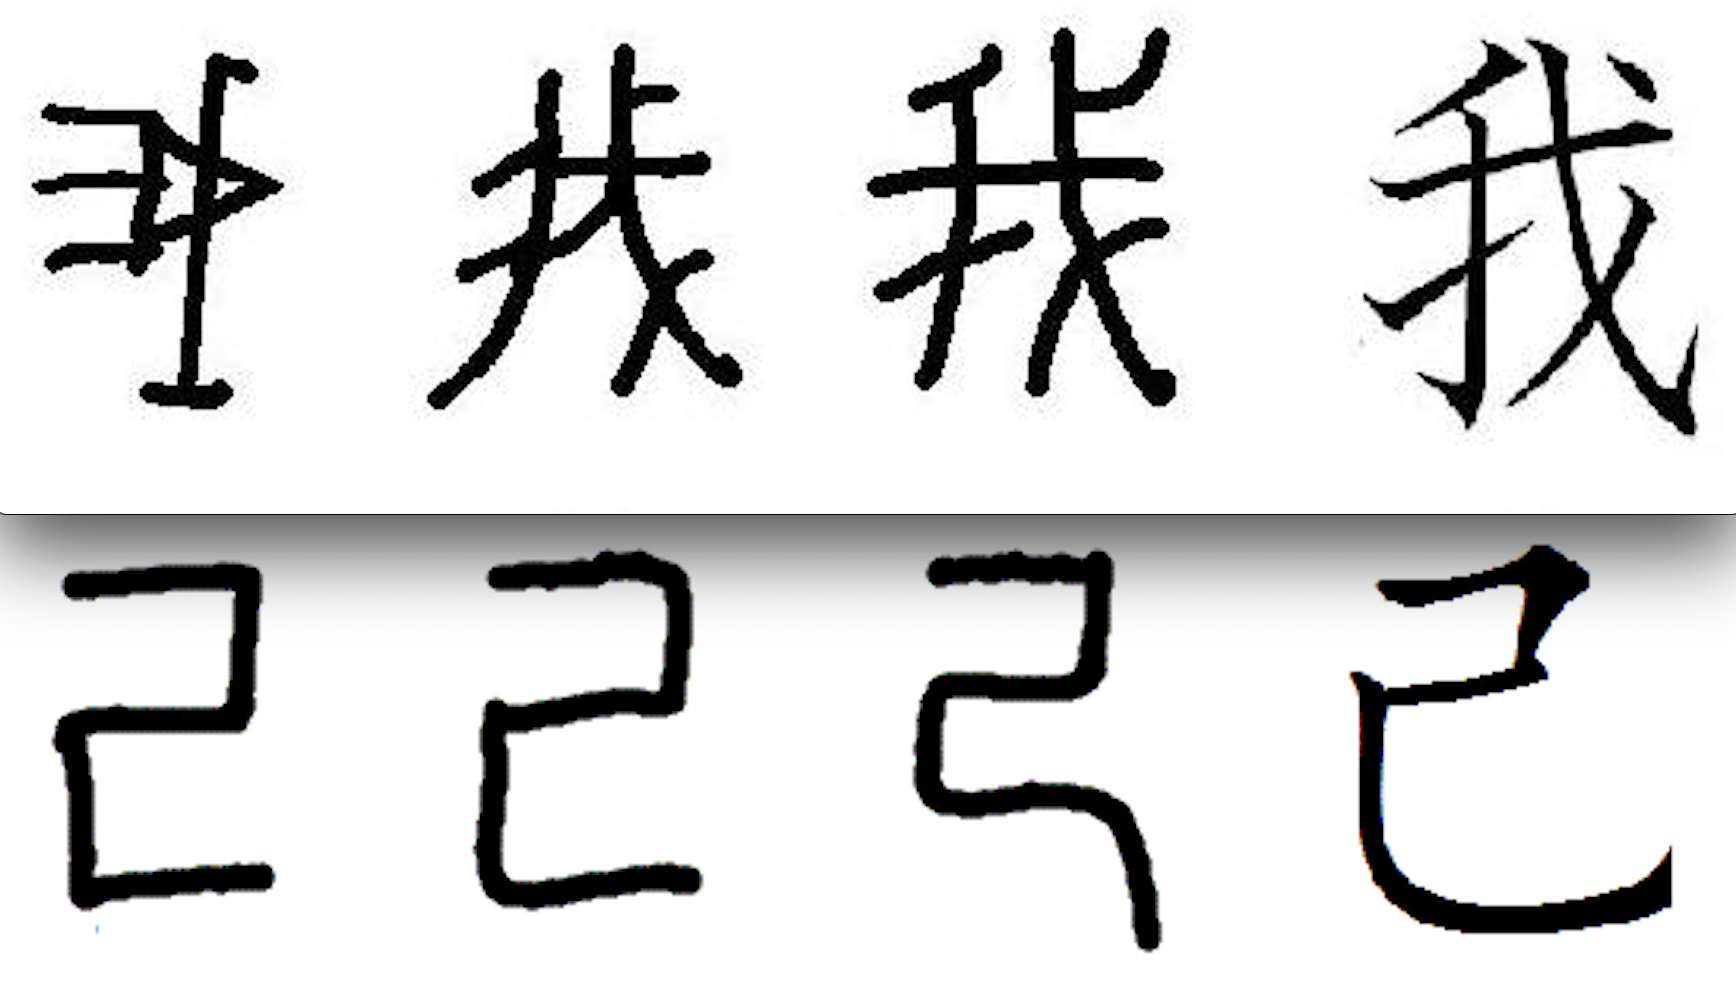 〝自分〟を意味する漢字になぜ「我」と「己」があるのか（つぶやき考現学　No.81）
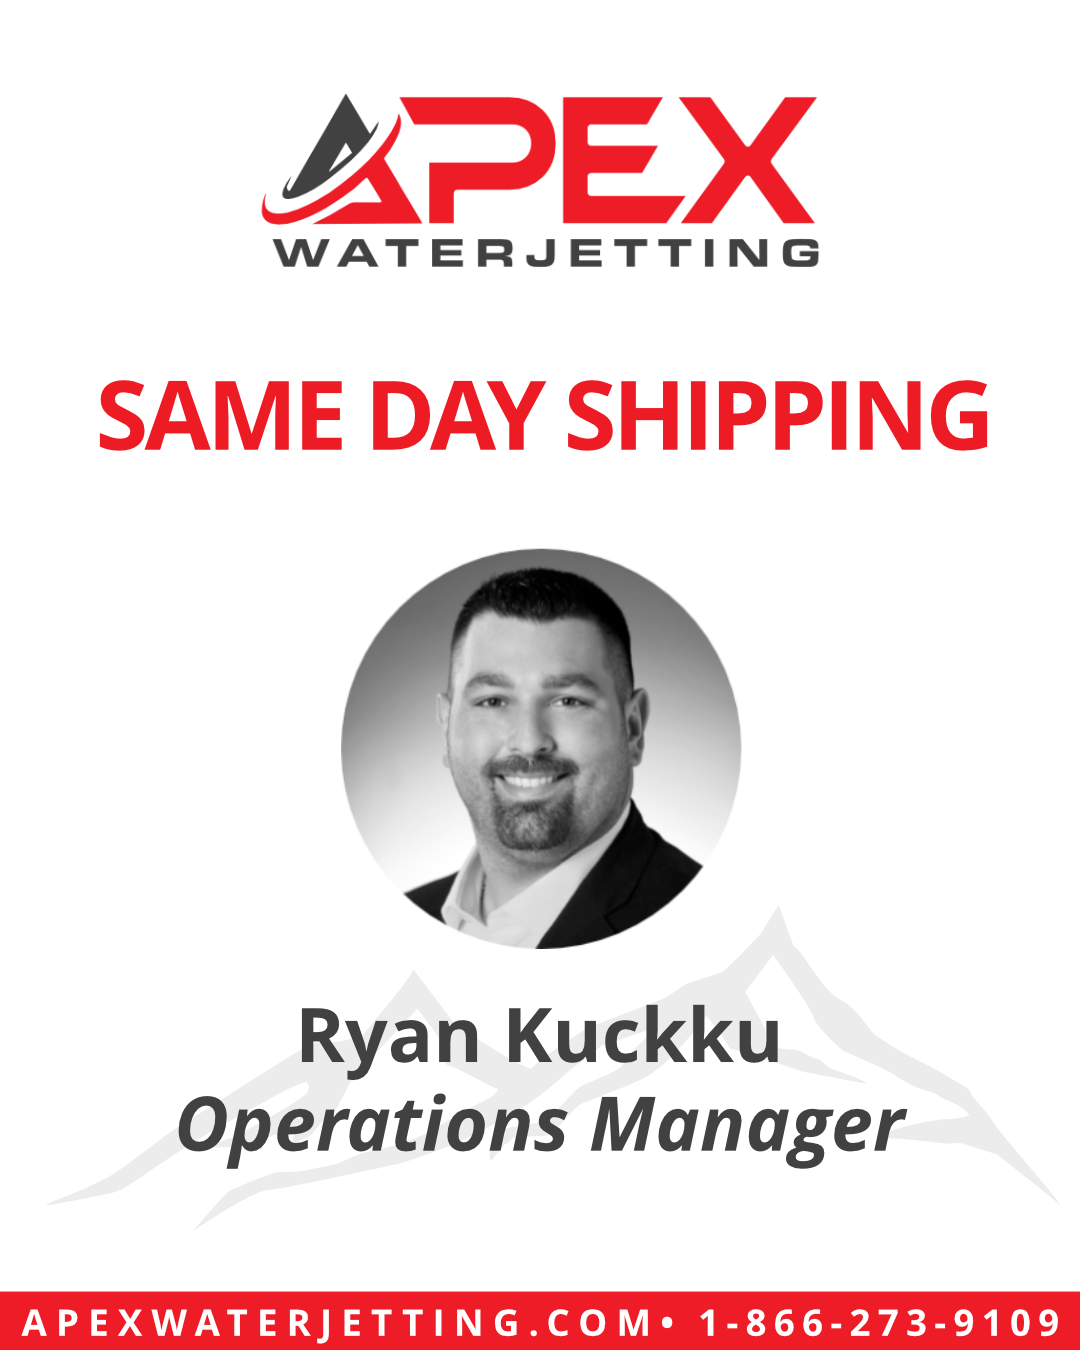 APEX Waterjetting Same Day Shipping Ryan Kuckku
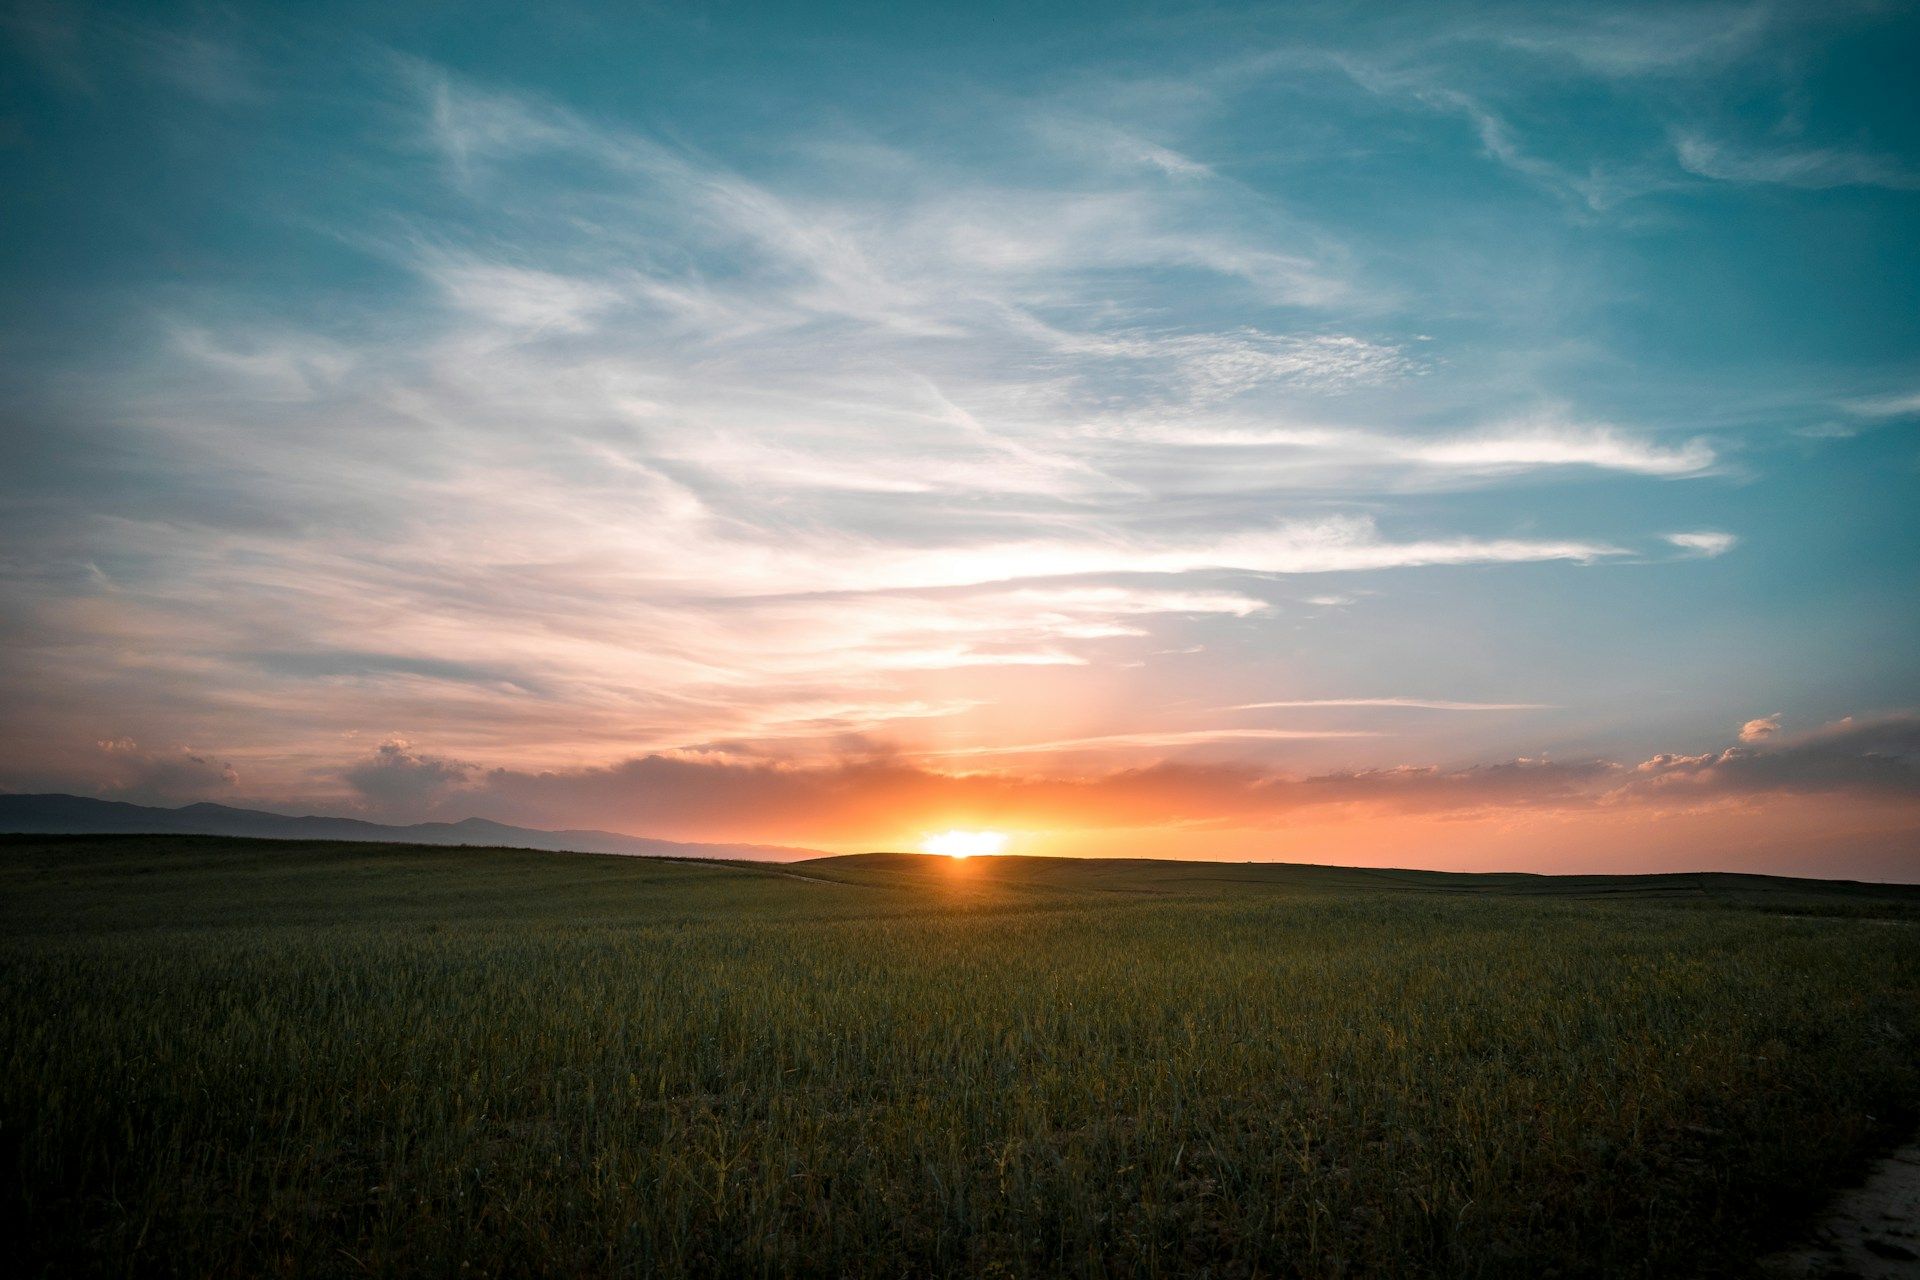 Uma fotografia de um sol nascente com um campo gramado em primeiro plano

PROBLEM REQUIREMENTS: Leave every picture out and copy precisely the lines from the one containing "APEX Waterjetting Same" through the last line of the data above, both ends included.

RESPONSE TO THE TASK:
 APEX Waterjetting Same Day Shipping Ryan Kuckku
 Uma fotografia de um sol nascente com um campo gramado em primeiro plano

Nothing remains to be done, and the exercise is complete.